Beeby, 51, does not entertain negative thoughts. He looks for the positives in everything, although it becomes clear as he reminisces that even he sometimes struggled to do that during the worst of it.

The picture is very different now. Last year Goffs returned turnover in Ireland to its pre-crash levels, generating trade in excess of €120m in its 150th anniversary. Add in turnover of €49.8m from DBS, which has since been renamed Goffs UK, and the group posted annual receipts of €170m.

It is not just the balance sheet that has changed. The perception of Goffs has changed with it. It has been a long road back, with Beeby citing the appointment in 2005 of Eimear Mulhern as Chairman of Goffs Bloodstock Sales as a pivotal turning point.
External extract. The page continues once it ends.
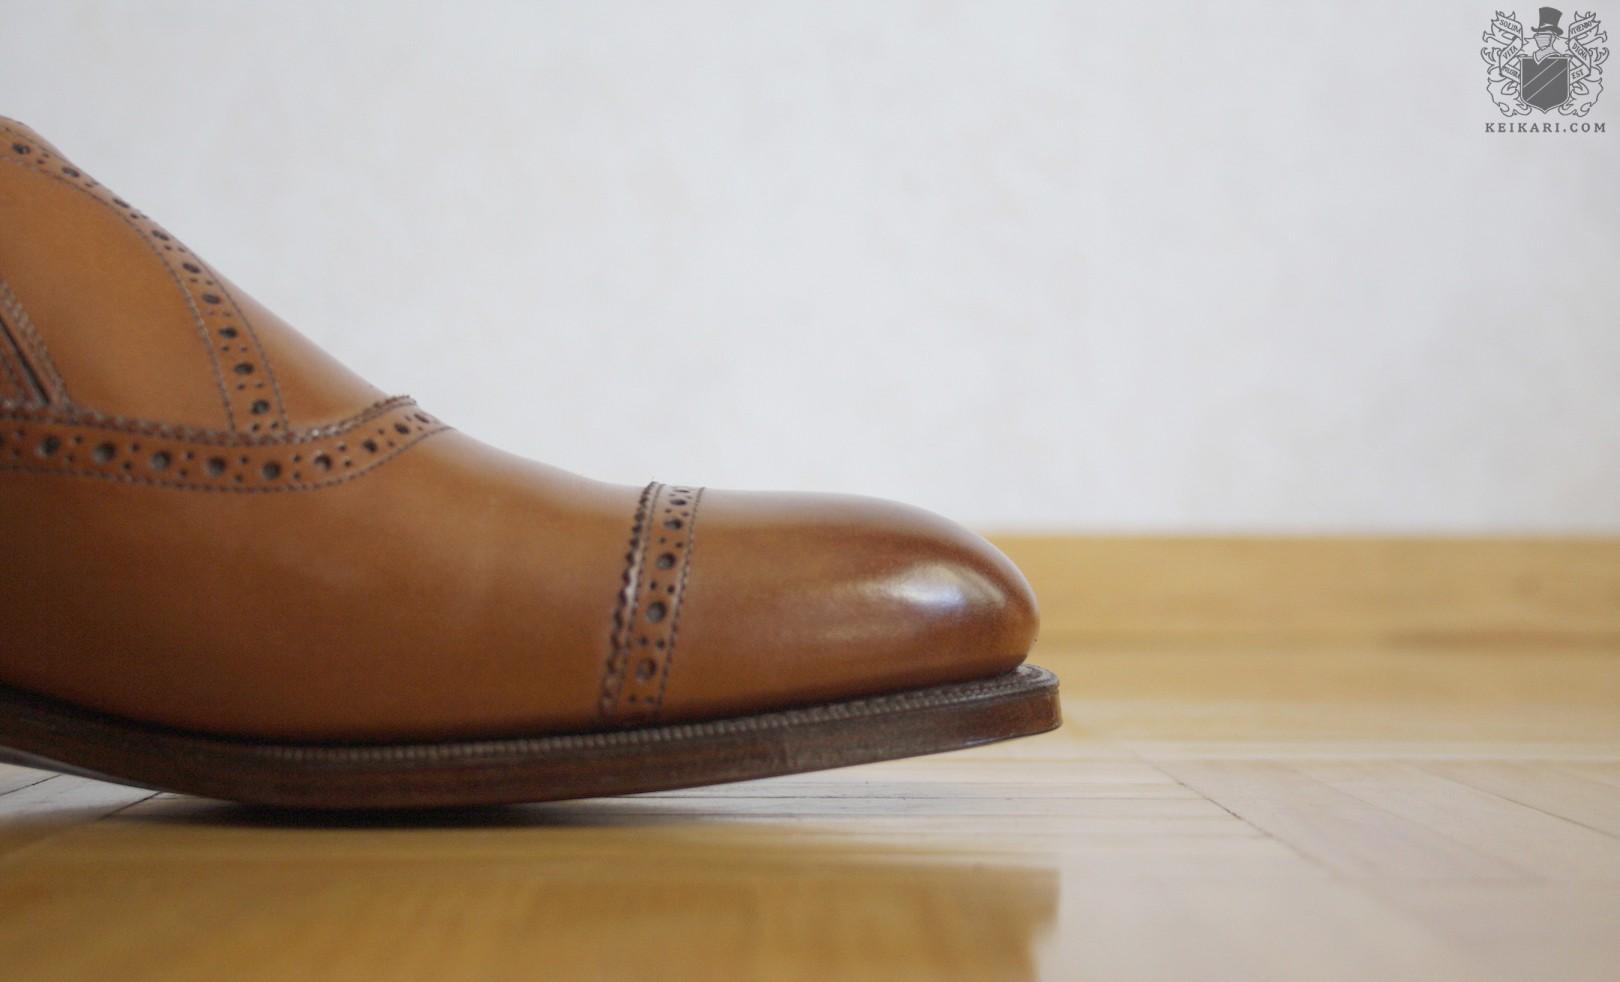 edward_green_kibworth_side_elastic_shoes_at_keikari_dot_com09

“Prior to that, I think it was felt that Goffs had slightly lost its way in terms of bloodstock,” he reflects. “It was doing other things and decided to reconnect with the bloodstock industry. Eimear was given two primary tasks: to break into Britain, and to recruit an industry professional to run Goffs on a daily basis.
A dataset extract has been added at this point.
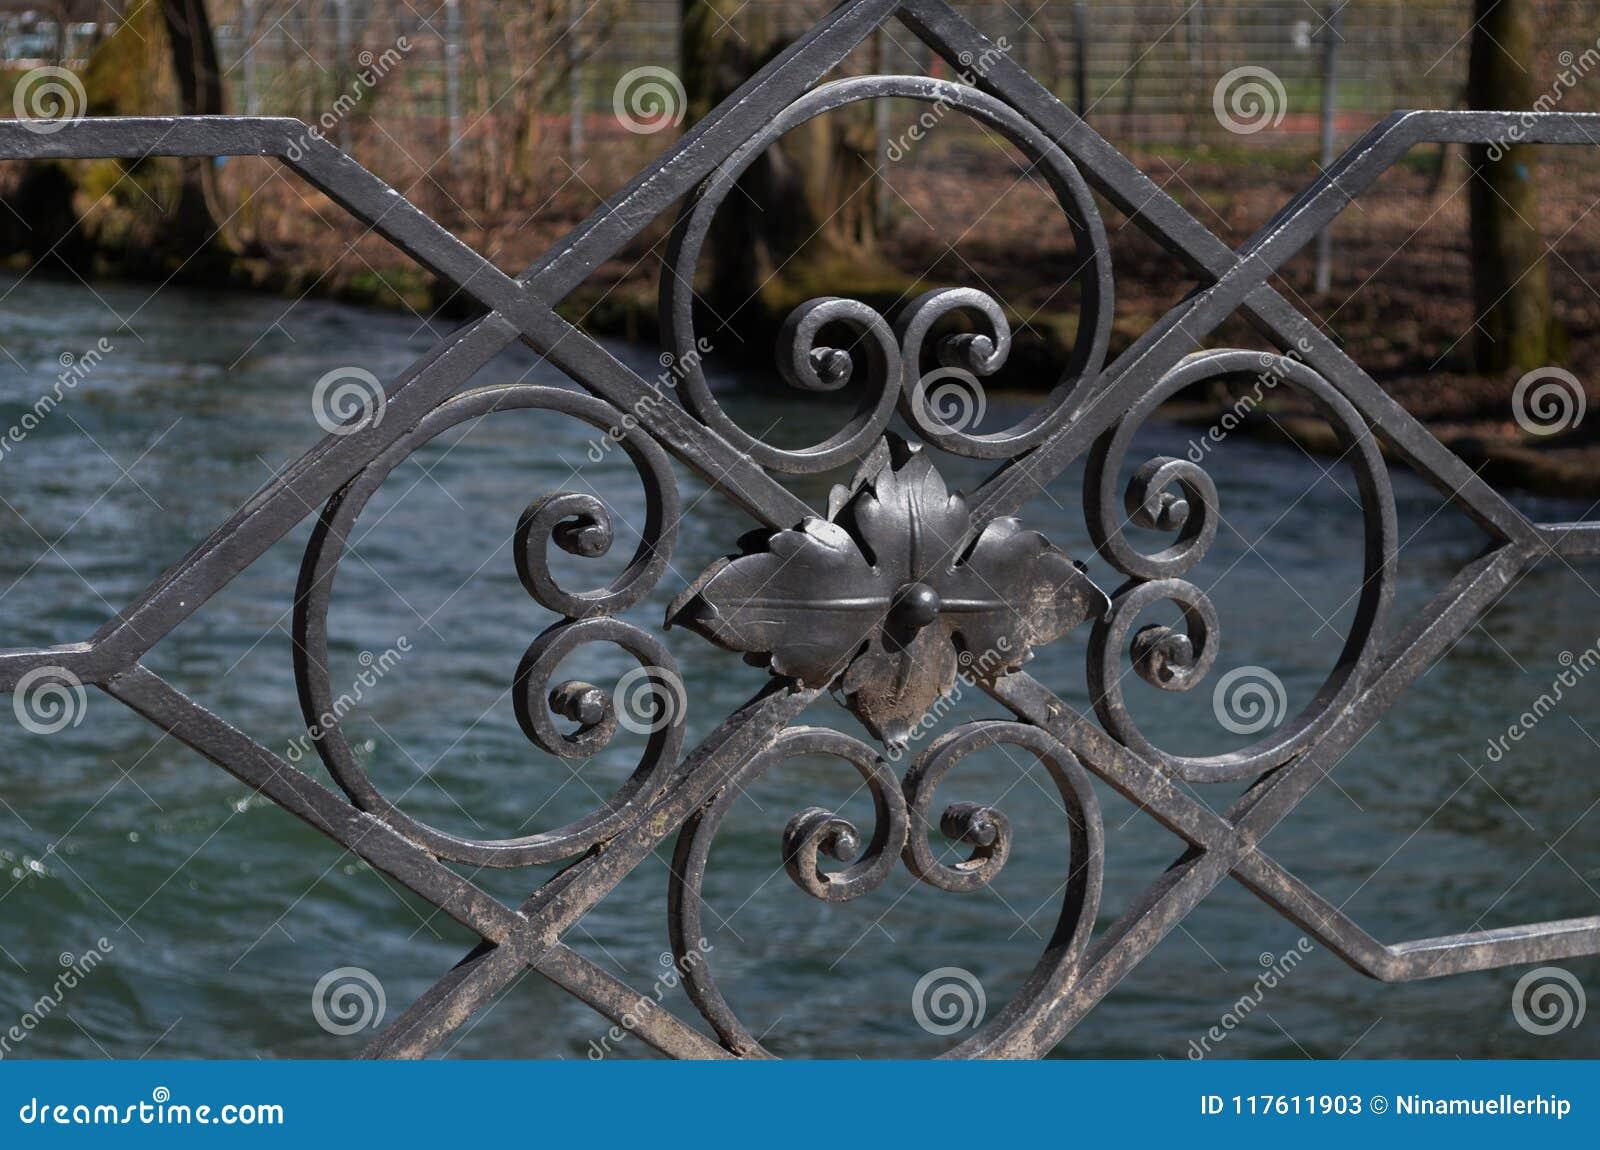 Close-up of the black iron ornaments of a bridge`s handrail

“Eimear looked around, and rather than take on Tattersalls and DBS, she felt that Goffs and DBS had a lot in common. I had been a guest auctioneer in Goffs from 2000 to 2004, so I had a bit of a link, and flatteringly, she felt I was the man to run the [new] company.

“When we started talking Eimear laid out her stall pretty quickly,” Beeby continues. “My first reaction was to remind her that Goffs tried to buy DBS four years earlier, and she said this would be a merger, not a buyout.”

The dye was soon cast, although Beeby kept hearing one message from the DBS board and its clients. DBS had established a valuable niche in an intensely competitive market. It had to retain the identity it had created into the bargain.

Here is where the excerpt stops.